**Work request**: The output must match the lines from the first line of the listing below through the line holding "Immeasurably, baby. I" exactly and must contain no pictures.

**Information supplied**:

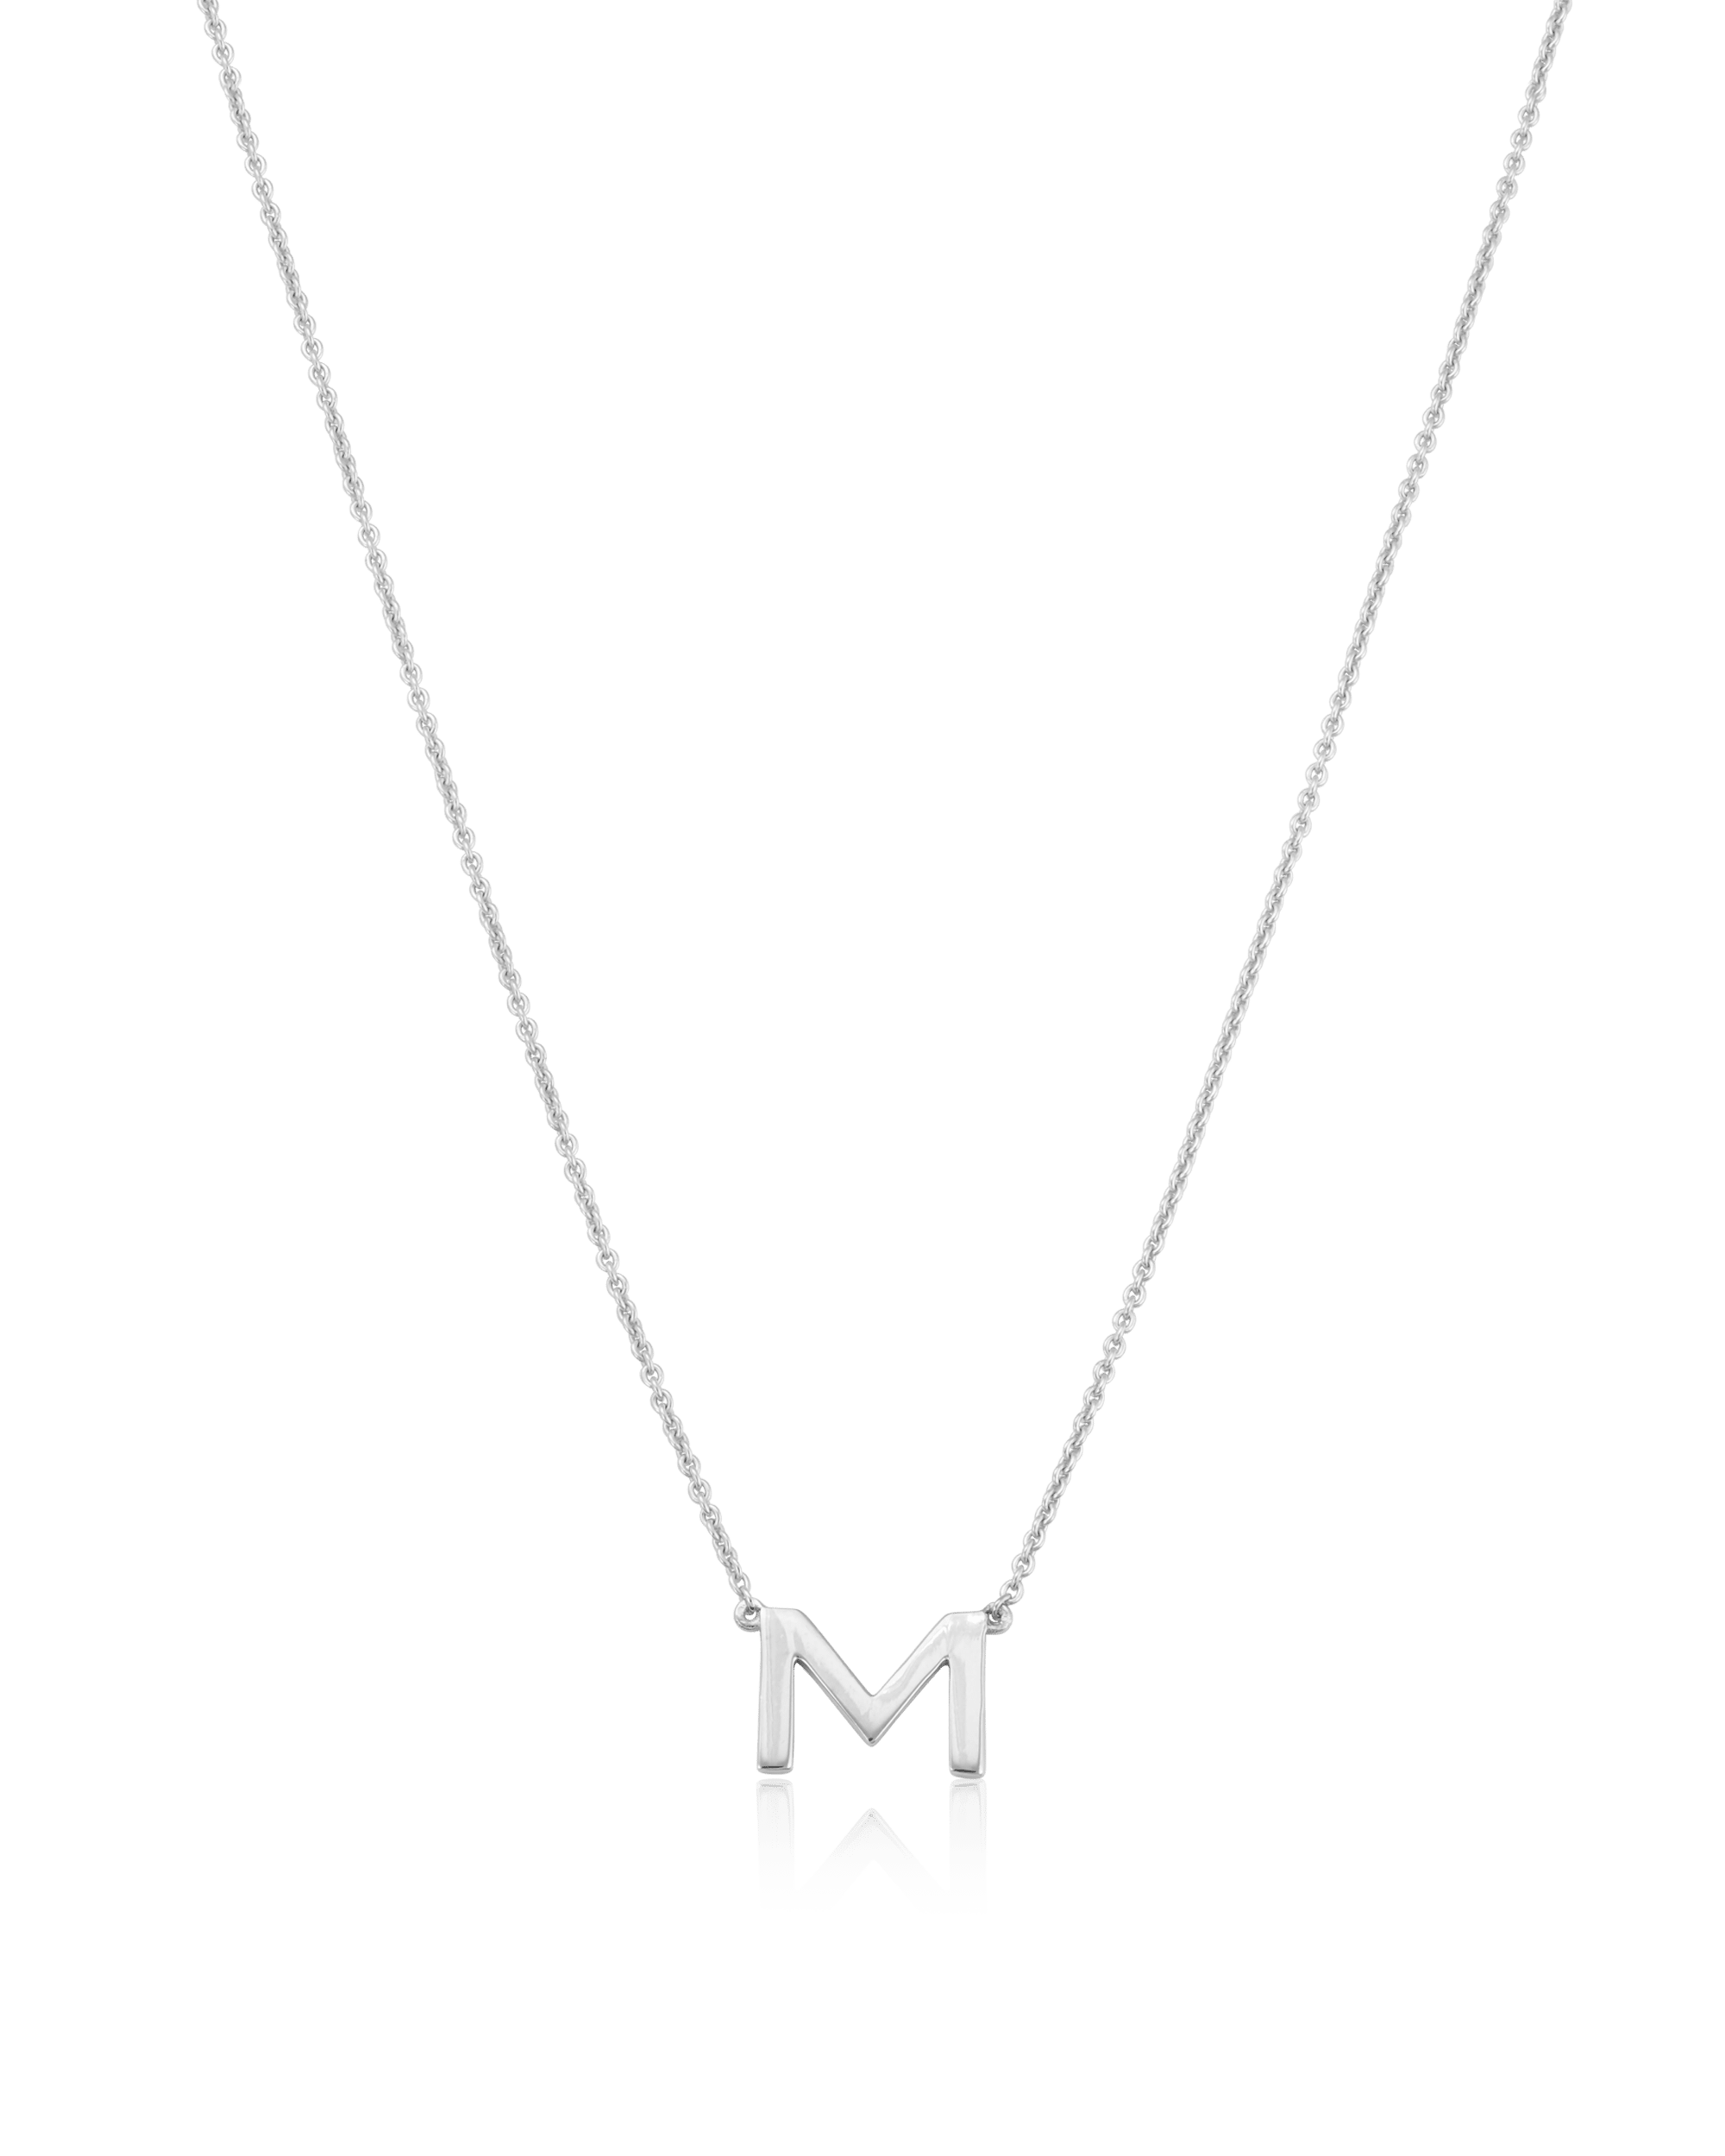 Immy Necklace - 18K Gold Vermeil Necklaces magal-dev 
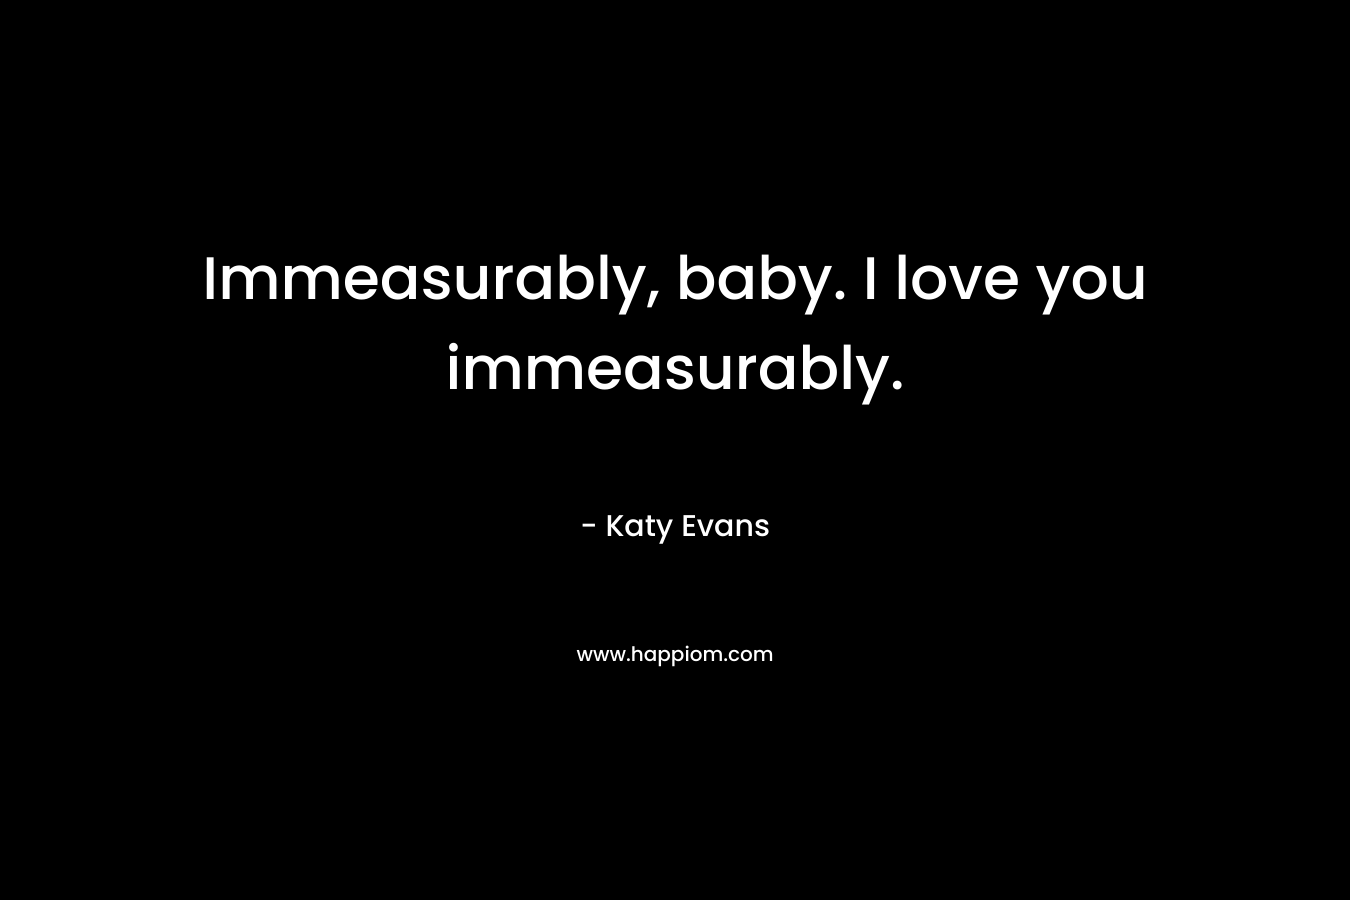 Immeasurably, baby. I love you immeasurably. – Katy Evans
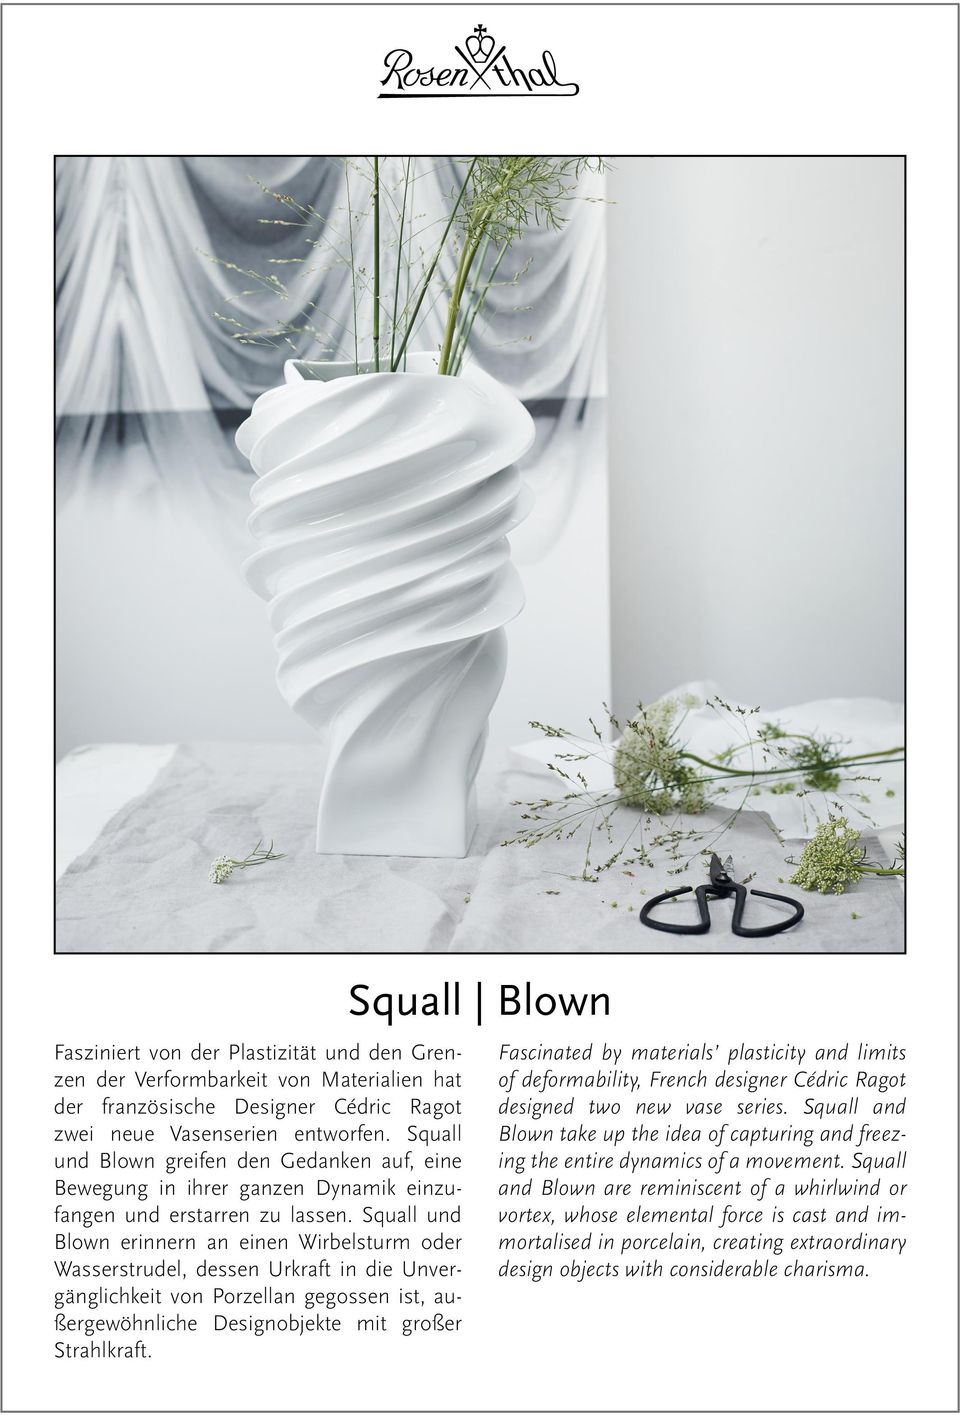 Squall und Blown erinnern an einen Wirbelsturm oder Wasserstrudel, dessen Urkraft in die Unvergänglichkeit von Porzellan gegossen ist, außergewöhnliche Designobjekte mit großer Strahlkraft.
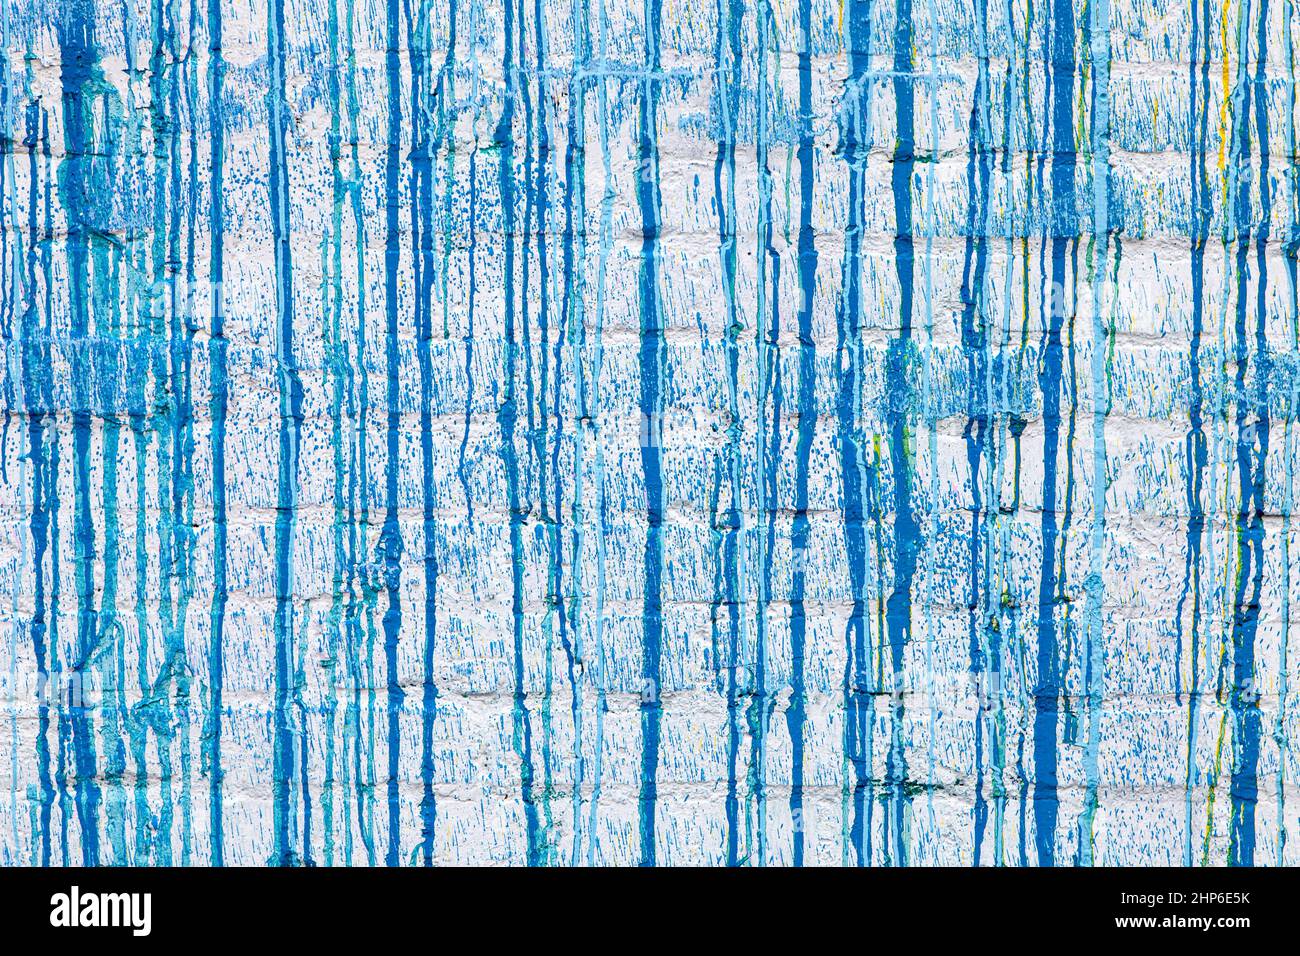 Blaue Farbe tropft auf eine weiße Wand abstrakte Grunge Farbe Hintergrundstruktur Stockfoto

**Problem solution**:
 Immy Necklace - 18K Gold Vermeil Necklaces magal-dev 
 Immeasurably, baby. I love you immeasurably. – Katy Evans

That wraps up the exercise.